THE STATE OF SOUTH CAROLINA
In The Court of Appeals

The State,        Respondent,

v.

Gerald Vincent Williams        Appellant.


Appeal From Chester County
Paul E. Short, Jr., Circuit Court Judge


Unpublished Opinion No.  2003-UP-303
Submitted February 20, 2003 – Filed May 1, 2003 


VACATED


Assistant Appellate Defender Tara S. Taggart, of Columbia; for Appellant.

Deputy Director for Legal Services Teresa A. Knox; Legal Counsel Tommy Evans, Jr.; Legal Counsel J. Benjamin Aplin, of Columbia; for Respondent.

PER CURIAM:  Gerald Vincent Williams appeals the decision of the circuit court denying his pro se motion for relief from judgment under Rule 60(a), SCRCP.  Williams insists the South Carolina Department of Probation, Parole and Pardon Services improperly revoked his parole eligibility.  Williams contends the trial judge erred in declining to clarify which version of S.C. Code Ann. § 44-53-370 he was sentenced under.

After a thorough review of the record and Williams’ pro se brief, we dismiss Williams’ appeal and vacate [1] the judgment of the circuit court pursuant to Rule 220(b)(2), SCACR, and the following authorities:  Lee v. Thermal Engineering Corp., 352 S.C. 81, 572 S.E.2d 298 (Ct. App. 2002), Rule 60(a), SCRCP (“Rule 60(a), SCRCP provides ‘[c]lerical mistakes in judgments, orders or other parts of the record and errors therein arising from oversight or omission may be corrected by the court at any time of its own initiative or on the motion of any party and after such notice, if any, as the court orders.’”);  Michel v. Michel, 289 S.C. 187, 345 S.E.2d 730 (Ct. App. 1986) (citing Black’s Law Dictionary 252 (6th ed. 1990)) (“Generally a clerical error is defined as a mistake in writing or copying.  As applied to judgments and decrees, it is a mistake or omission by a clerk, counsel, judge or printer which is not the result of exercise of judicial function.  While a court may correct mistakes or clerical errors in its own process to make it conform to the record, it cannot change the scope of the judgment.”). [2]

VACATED.

HEARN, C.J., CURETON and GOOLSBY, JJ., concur.


[1] We decide this case without oral argument pursuant to rule 215, SCACR.

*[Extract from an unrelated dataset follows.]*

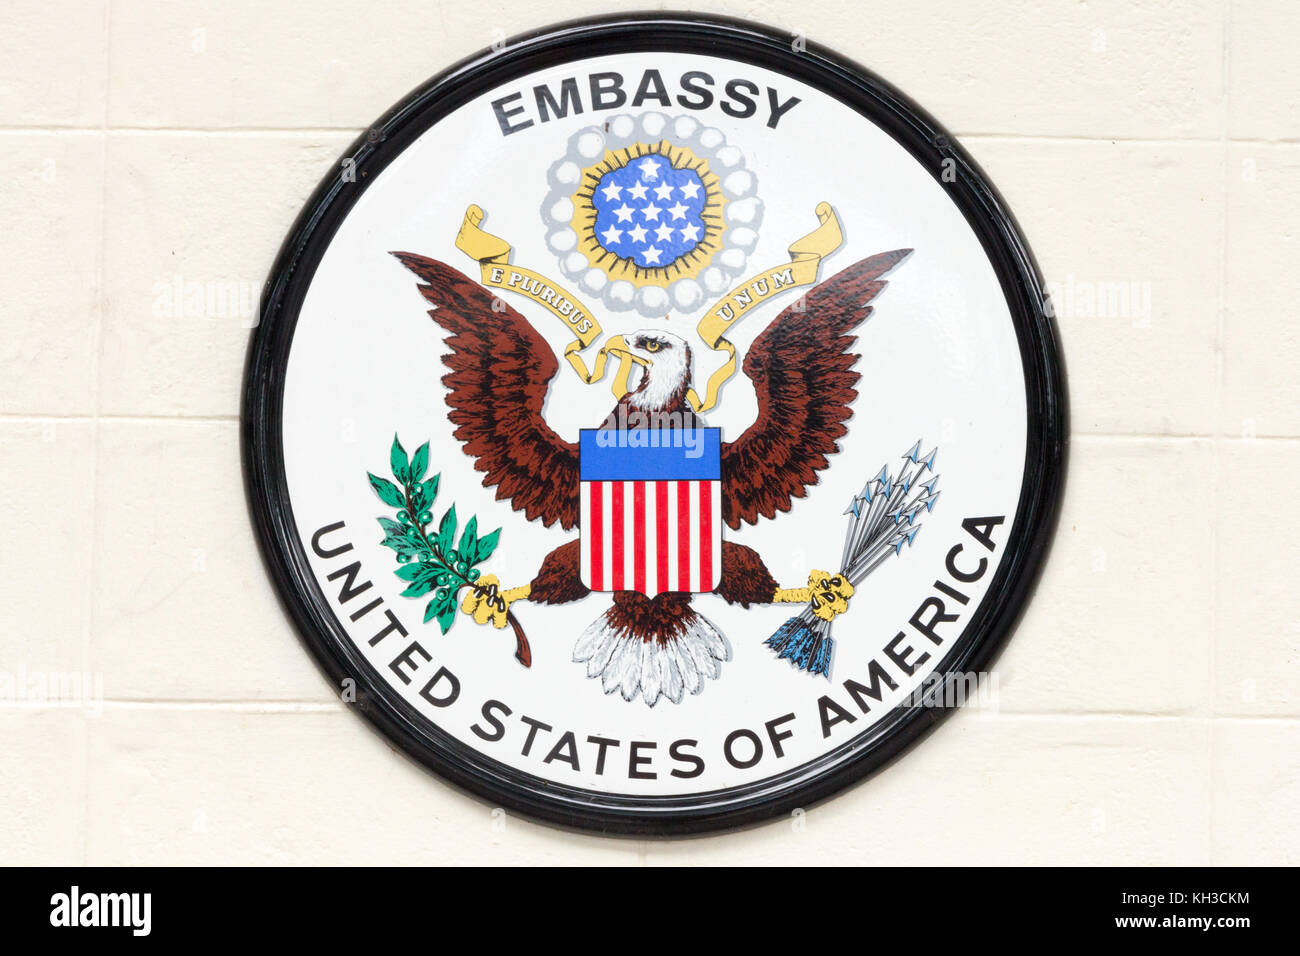 United States embassy sign Stock Photo
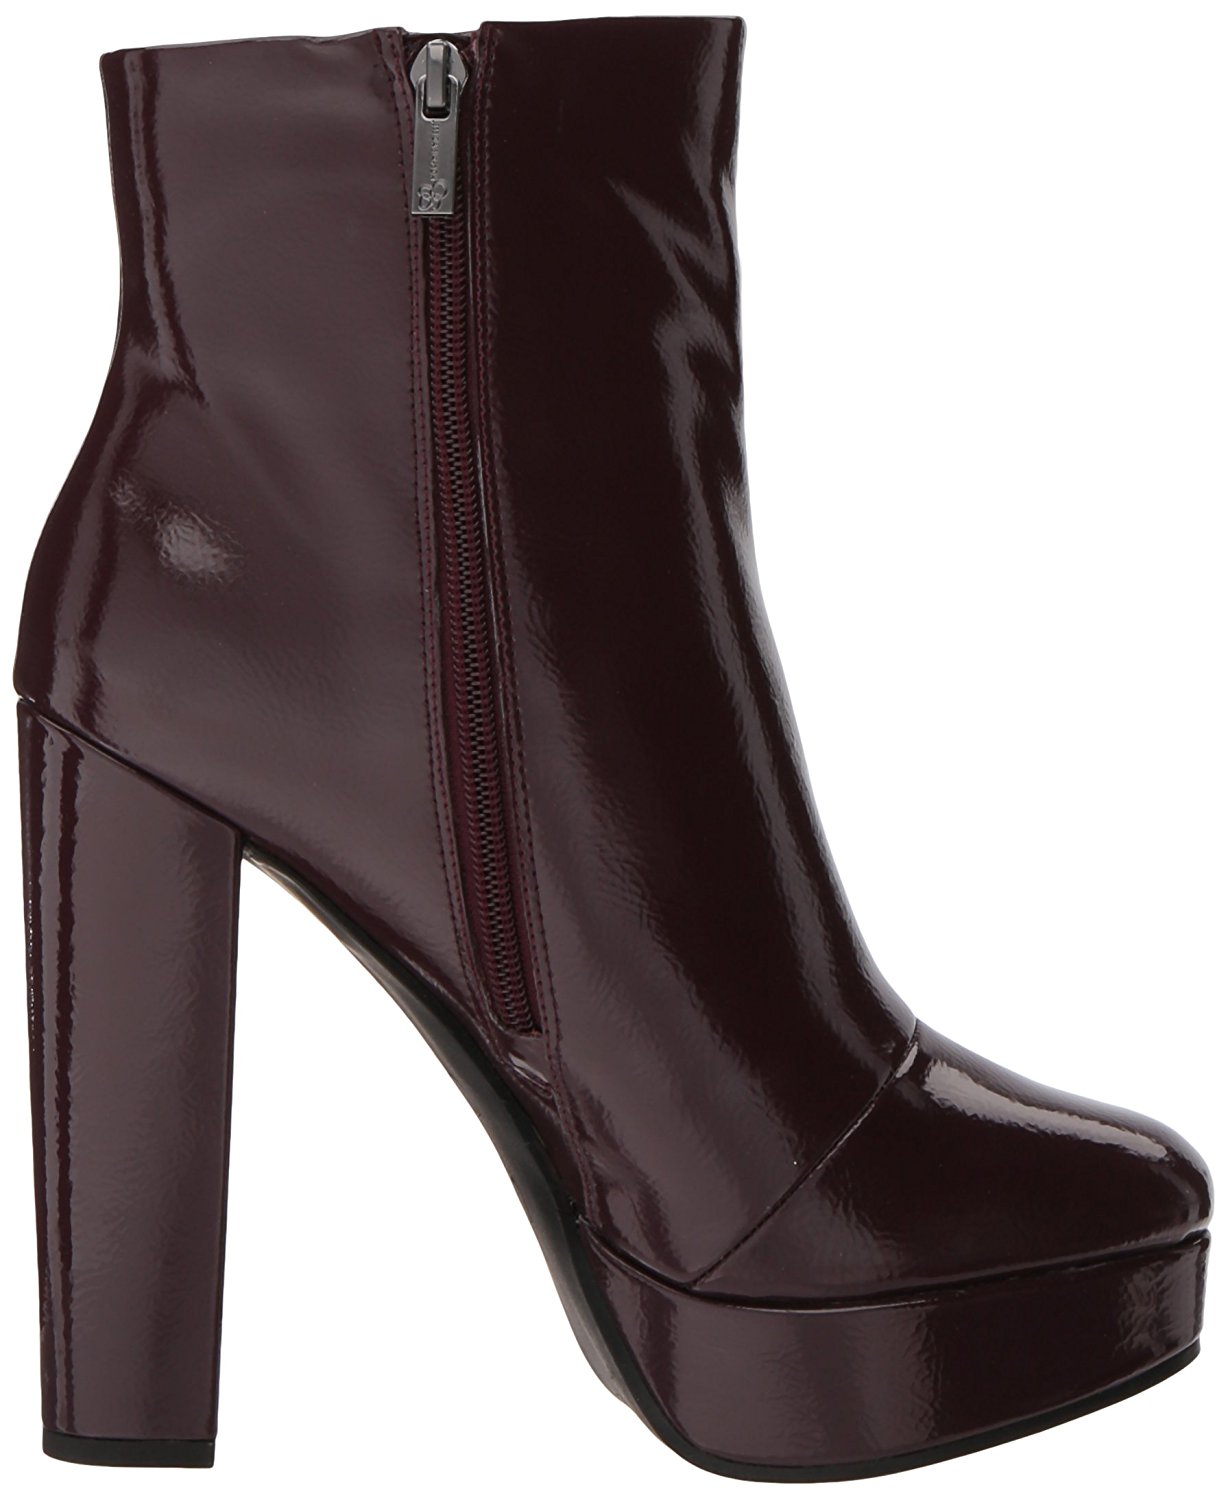 Jessica Simpson Womens Sebille Leather Square Toe Ankle Fashion Boots | eBay1228 x 1500

[2] Following the DPPPS’s determination that Williams was ineligible for parole under 1990 Act No. 694 § 17 as applied to S.C. Code Ann. § 44-53-370(e), Williams then had the same right to review as the inmate in Al-Shabazz v. State, 338 S.C. 354, 527 S.E.2d 742 (1999).  In Al-Shabazz, the Court outlined the nature of the review available to inmates raising non-collateral issues that implicate liberty interests; these procedures apply equally to inmates affected by final decisions of the DPPPS that affect the permanent denial of parole eligibility.  See Furtick v. South Carolina Department of Probation, Parole, and Pardon Services, Op. No. 25581 (S.C. Sup. Ct. filed Jan. 13, 2003) (Shearouse Adv. Sh. No. 14 at 73).